Store prompts in Git with semantic versioning → loan_policy_v3.2
Use environment-specific prompts → dev, staging, production
Maintain a prompt registry (similar to model registry)
Add metadata: author, date, change purpose, expected behavior
Track dependencies: prompt → vector store version → model version

What I teach teams

“Think of prompts as APIs. Clear contract, changelog, version, and tests.”

✅ 2. Evaluation (LLM Eval Harness)

Purpose: Ensure reliability, accuracy, safety, and regressions.

What we evaluate

Correctness
Hallucinations
Toxicity / bias
Consistency across repeated runs
Multi-agent stability
Tool-calling accuracy

How we evaluate

Golden datasets (human-approved inputs & outputs)
Unit tests for prompts
Scenario tests (KYC mismatch, fraud, edge cases)
A/B testing across prompt versions
Automatic scoring using LLM-as-a-judge

Enterprise example

For Lending Policy RAG, we create 200 test questions:KYC rules, eligibility edge cases, exceptions, RBI compliance scenarios.

This prevents regressions when documents or prompts change.

✅ 3. Retrieval Tuning (RAG Optimization)

Poor retrieval = hallucination.

What to tune

Chunking strategy
Embedding model
Similarity metric (cosine vs dot product)
Number of retrieved chunks (k)
Metadata filters
Min similarity threshold
Query rewriting

Best practices I teach

Use hybrid chunking (structural + semantic)
Store metadata → section, policy version, expiry date
Use reranking models to pick the top-most relevant chunks
Constantly run retrieval evals: Recall@k, MRR, precision

Example

If the lending policy changes, we re-embed only affected chunksand validate retrieval via automated Recall@5 metrics.

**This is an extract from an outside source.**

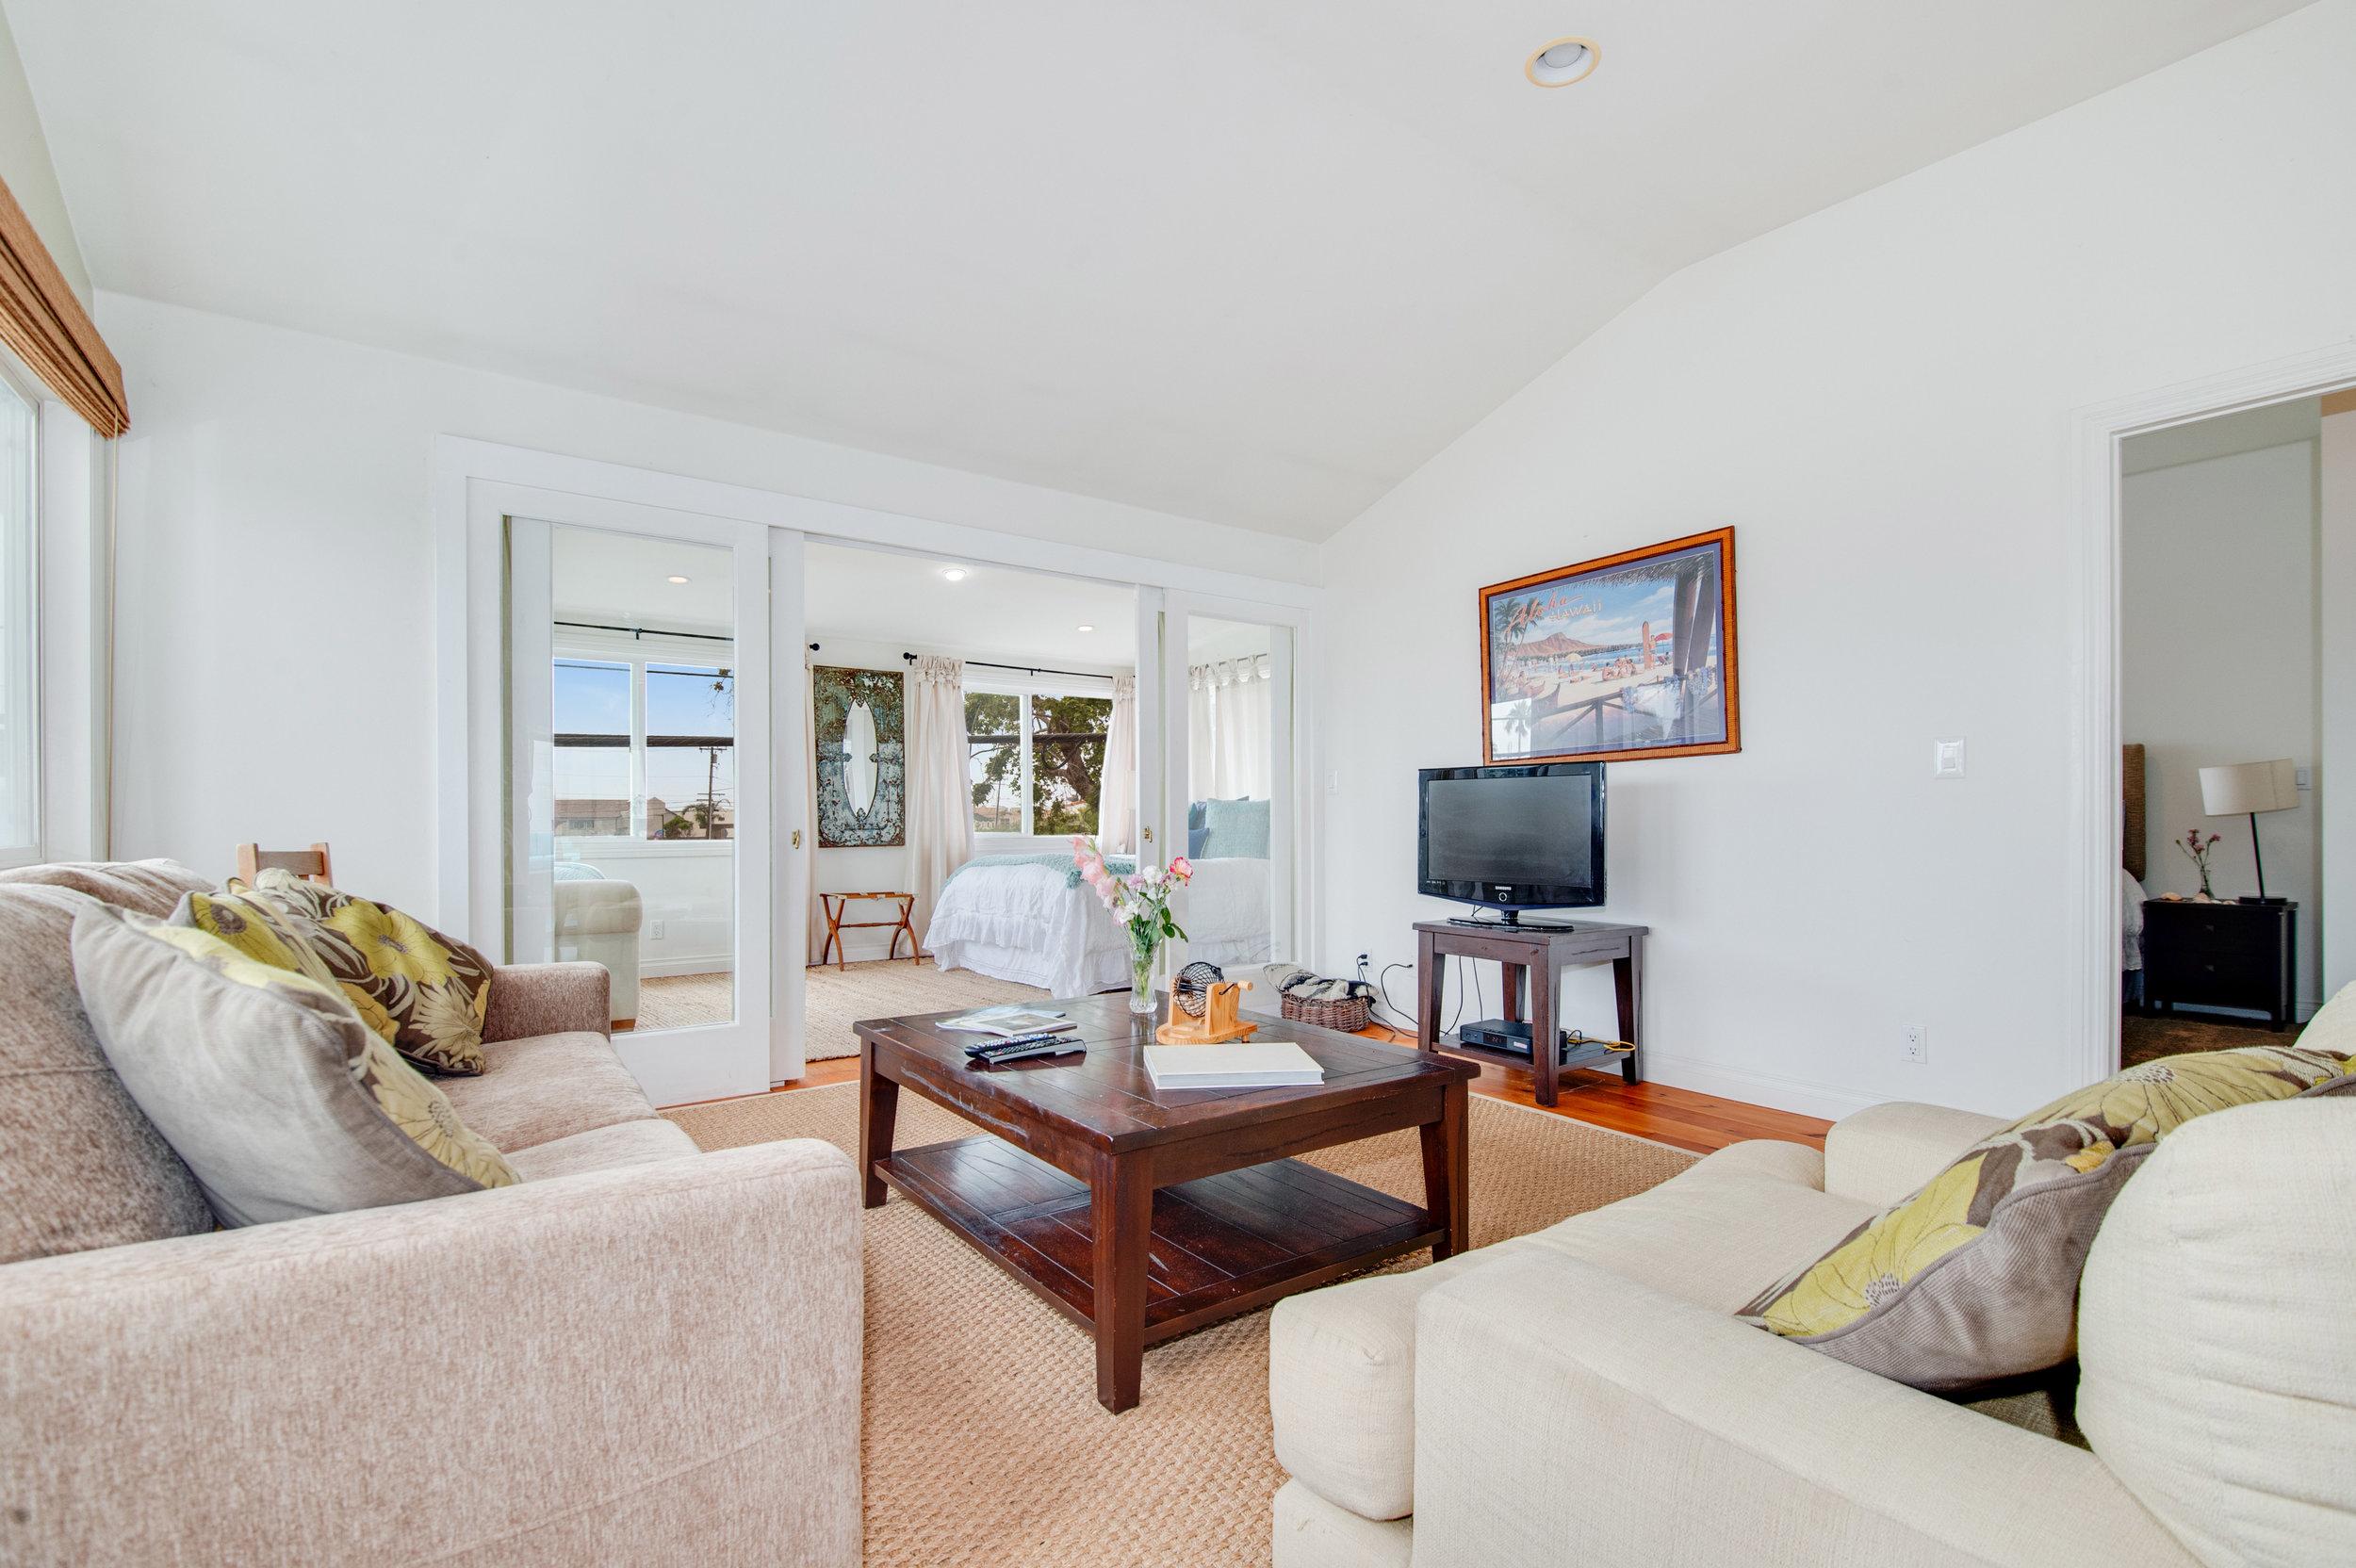 005 Living Room 3952 Las Flores For Sale Lease The Malibu Life Team Luxury Real Estate.jpg

✅ 4. Logging & Observability

You cannot operate GenAI systems blindly.

What to log

Per-request logs
- Prompt
- Model config
- Tokens in/out
- Latency
- Final answer
RAG logs
- Retrieved documents
- Score
- Metadata
Agent/Tool logs
- Tool calls
- Inputs & outputs
- Errors / retries
Business metrics
- % automation
- Failures → escalated to human
- Distribution of query types

Why enterprises need this

Audit compliance (banking, healthcare)
Debugging unexpected decisions
SLA measurement
Model performance drift

What I teach teams

“Every LLM request should be fully reconstructible end-to-end.”

✅ 5. Testing Framework

Testing = reliability.

Types of tests

✔ Prompt Unit Tests

Check expected structure & tone.

✔ RAG Regression Tests

Ensure retrieval is not broken after re-indexing.

✔ Tool Integration Tests

Validate agent-self-calls and tool inputs/outputs.

✔ Safety Tests

Red-teaming
PII leakage tests
Jailbreak attempts

✔ Load Tests

Check concurrency, throughput, cost.

Best practices

Build an evaluation harness (Python + YAML test cases)
Automate nightly AI tests
Enforce quality gate → model cannot deploy if tests fail

“In my role, I ensure the engineering teams not only build GenAI features but build them responsibly — with prompt versioning, retrieval tuning, evaluation pipelines, advanced observability and structured AI testing. This eliminates hallucinations, prevents regressions, ensures compliance, and brings predictability to LLM-driven systems — exactly what enterprises need to operationalize AI at scale.”

✅ Top AI Testing Frameworks (Industry Standard)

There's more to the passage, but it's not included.